Matt Dunn’s gamble on the yearling market will again be highlighted if one of his two or three-year-old rising stars can complete a great season for the trainer at Doomben.

Dunn has Eat My Trust in Saturday’s Smirnoff 3YO Handicap, Saxton Rock in the QTIS 2 and 3YO Plate, and Snitz in the QTIS 2YO.

Dunn returned from a European holiday last week to watch three-year-old Care To Think win at Doomben.

“He is coming good and you haven’t seen the best of him yet. And it would also be good to finish the season with another win by one of the younger horses,” Dunn said.

“Eat My Trust is only a little bloke but he has done a good job winning three races and picking up good QTIS bonus money.

“Saxton Rock is a two-year-old who you would think on breeding would be a short-course horse but he looks like he wants further like the 1600 metres on Saturday.”

“Snitz ran well last time he was in and he has won a trial at Ballina recently.”

Dunn looks set to pass 100 winners for the season for the second time.

“We had 103 winners two seasons ago and it is not easy to do. You are talking about two winners a week but thanks to hard work from my wife, Keira, and my staff it has been another good year,” Dunn said.

His effort is all the more remarkable because his Murwillumbah stables were flooded earlier this year.

“We were a lot luckier than a lot of people including some of my staff who were really hit hard. But we were able to clean up and get on with things,” Dunn said.

He credits a lot of his success to two major factors – having Keira as his travelling foreman and the work of bloodstock agent Neil Jenkinson.

“To have Keira to be a be able to travel to Sydney with the horses has been a big plus. The work she has done down there has been tremendous and it has led to us getting more horses,” Dunn said.

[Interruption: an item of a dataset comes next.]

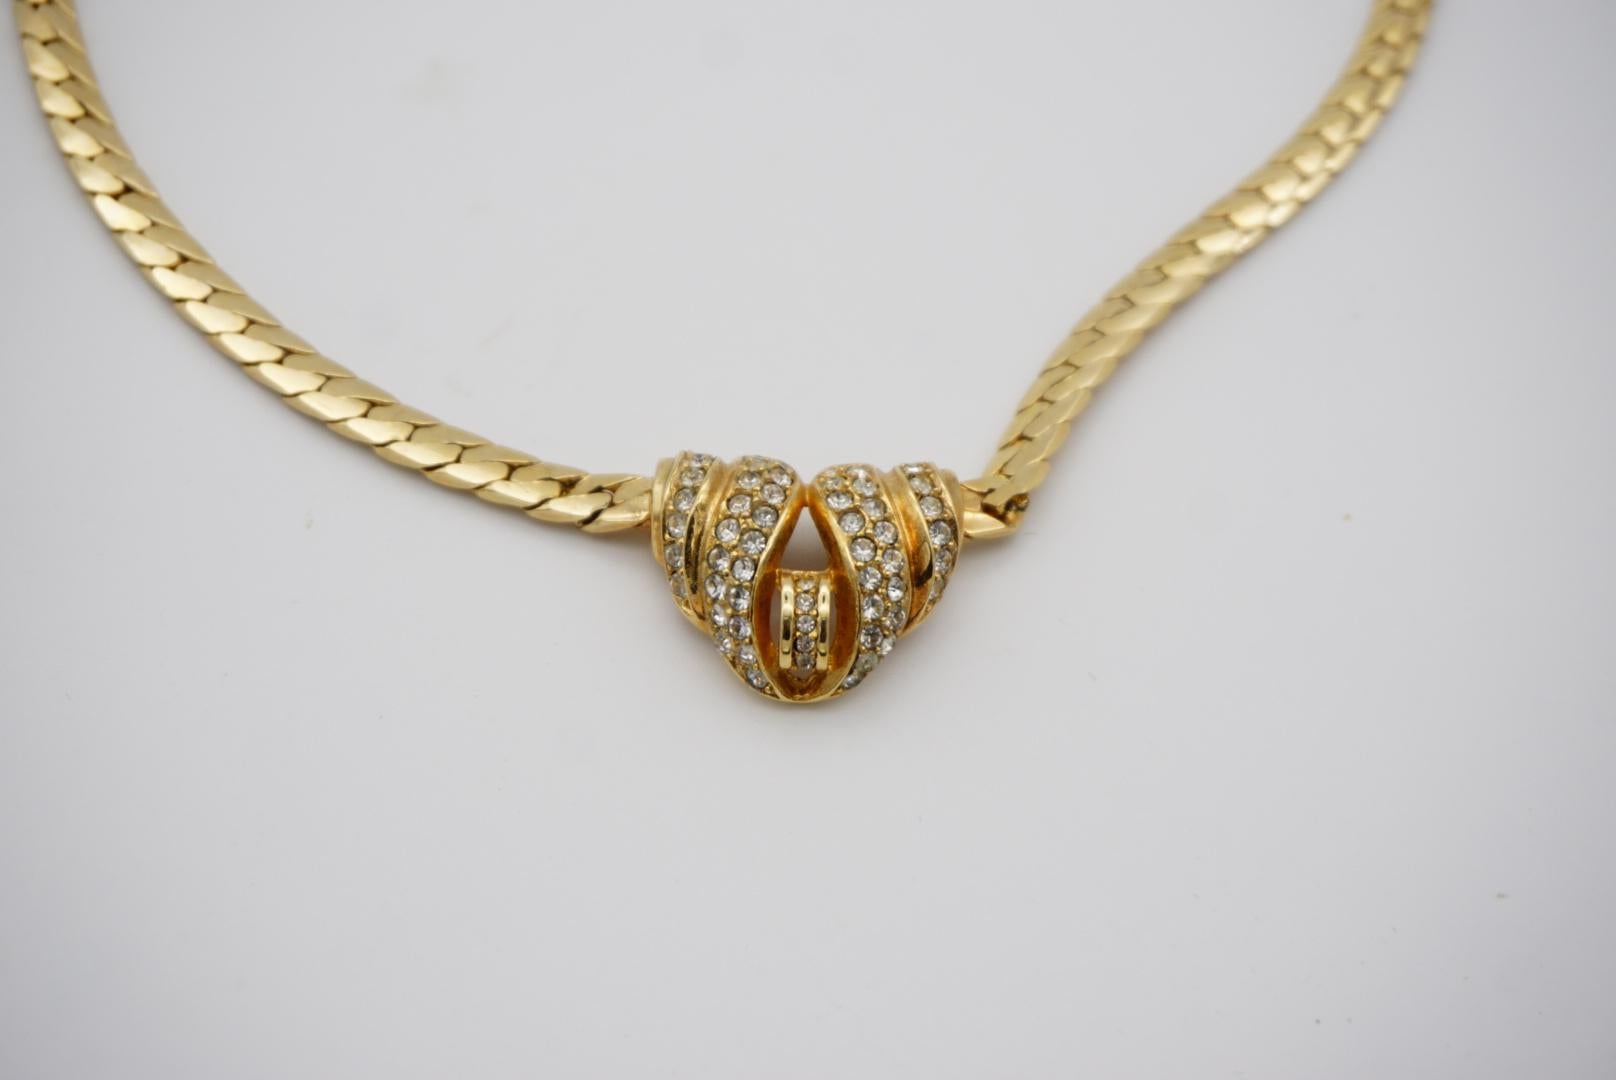 Christian Dior Vintage 1970s Croissant Interlock Crystals Pendant Gold Necklace For Sale 6

Several years ago the Dunns decided to change the way they sourced their horses.

“Instead of just taking what we were offered we went out and bought the horses we wanted to race. It is a gamble and people always get left with shares in some horses,” Dunn said.

“But Neil is very highly regarded and he has proved more than his worth in helping us get the right horses from yearling sales.”

Dunn has 53 yearlings about to turn two on his books for next season.